Baha'i Movement targets dissenters
The Baha'i movement is experiencing growing conflicts and dissent over its members involvement in computer forums, reports Gnosis, (Winter), a magazine on esoteric spirituality. While regarded as a liberal and nondogmatic religion, the worldwide Baha'i community has enforced "rigid controls for discourse on internal matters, with all publications controlled or censored by the administration; even mild dissent is regarded as treasonous," writes K. Paul Johnson. The Baha'is gained most of their members in the U.S. in the early 1970s, although membership levels have been stagnant since. Some of the young converts of the 1970s became scholars of Persian, Middle Eastern history and related fields. In 1994, a discussion group on the Internet was started by these scholars which often questioned or addressed controversial teachings.

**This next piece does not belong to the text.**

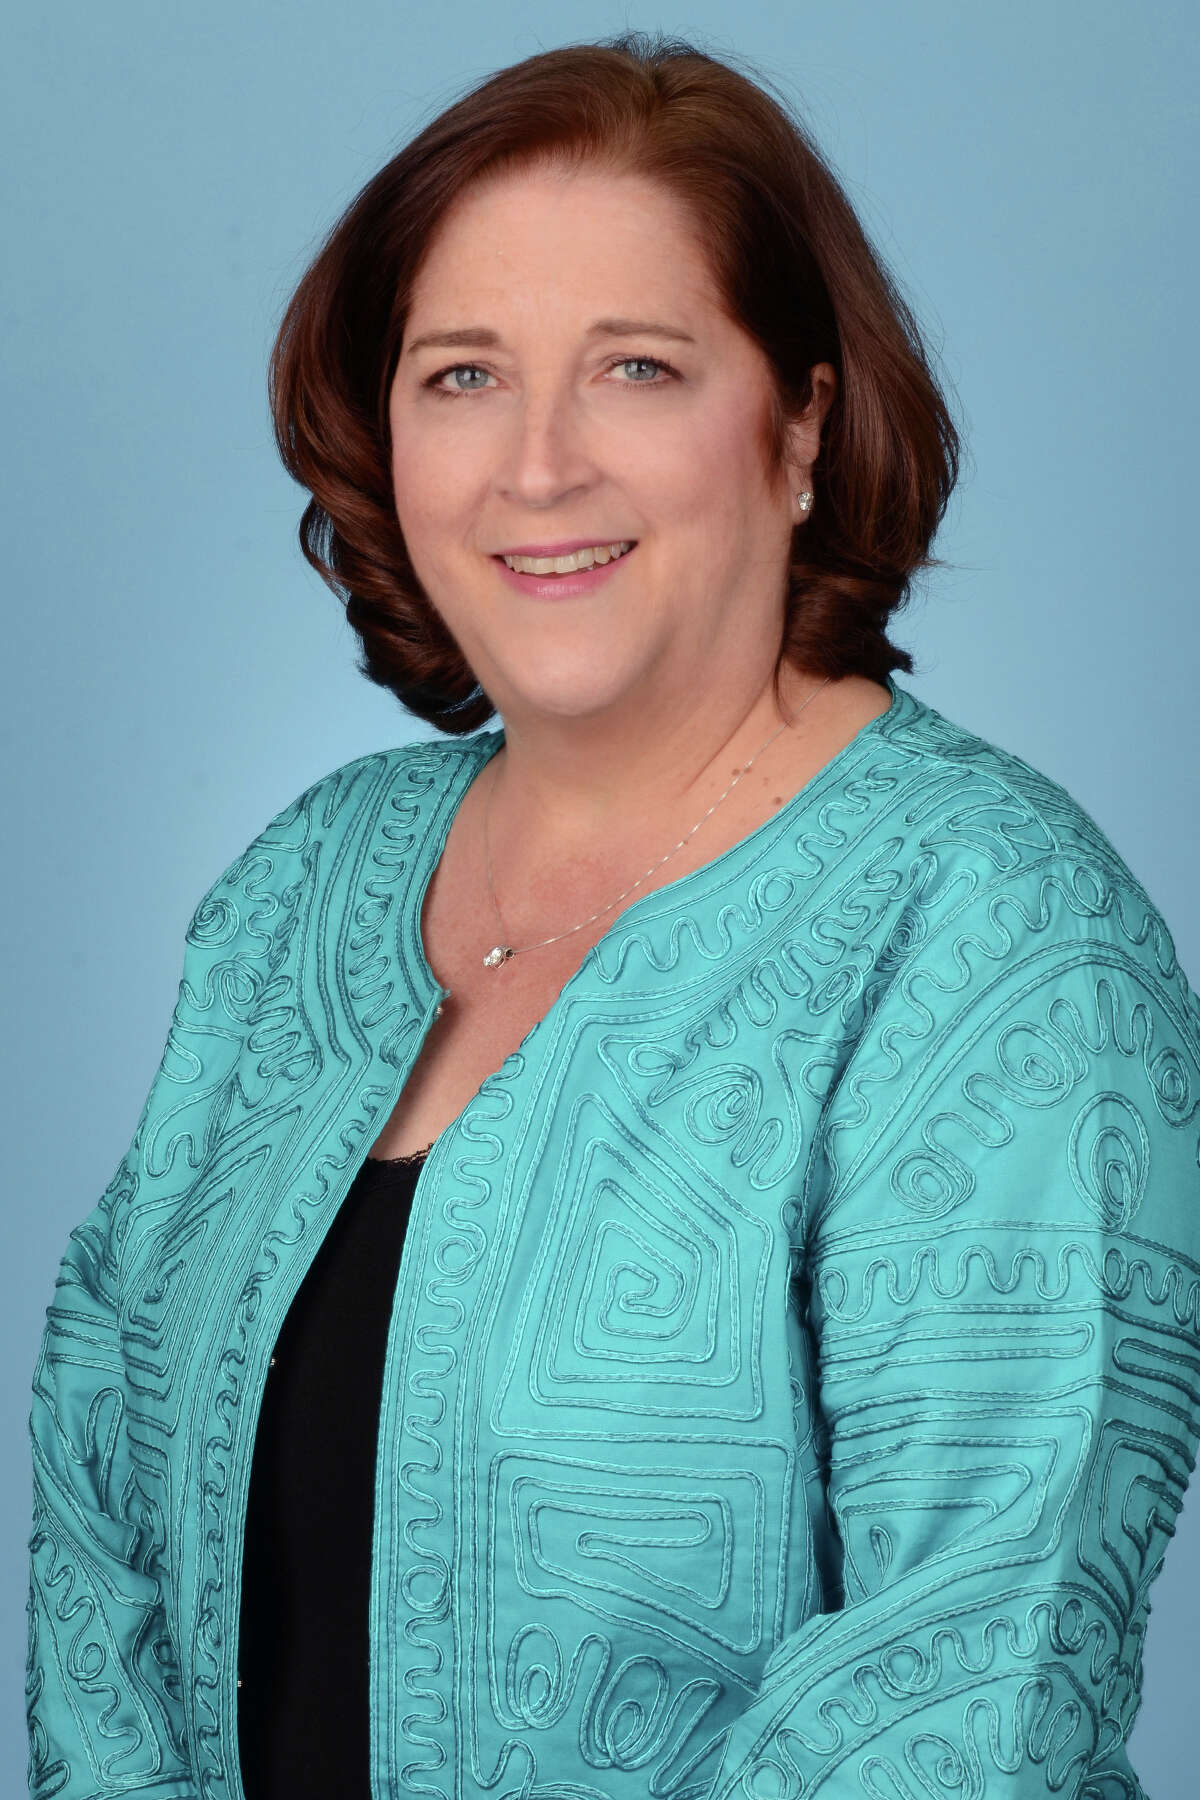 Kari Hough has been named principal of Tipps Elementary School.

Dissent was voiced over women's exclusion from the Baha'i governing body, the Universal House of Justice, and the teaching that Baha'is are destined to take over all functions of local and national government and create an international government. The position that any Baha'i writing about the movement has to submit such writings for review to Baha'i leaders also drew a good deal of criticism from the discussion group (which numbered about 100 members), which is called Talisman. After almost two years of existence, Talisman became the focus of a series of investigations by authorities at the Baha'i World Center in Haifa, Israel and also by leaders in the U.S. Baha'i leaders have called the scholars and their sympathizers "dissidents," with more conservative members charging that they are "covenant breakers," which means advocating an alternative source of authority in the religion. Baha'is are ordered to avoid all contact with covenant breakers. Although Talisman disbanded last May, an ex-Baha'i has recently opened a new Talisman group.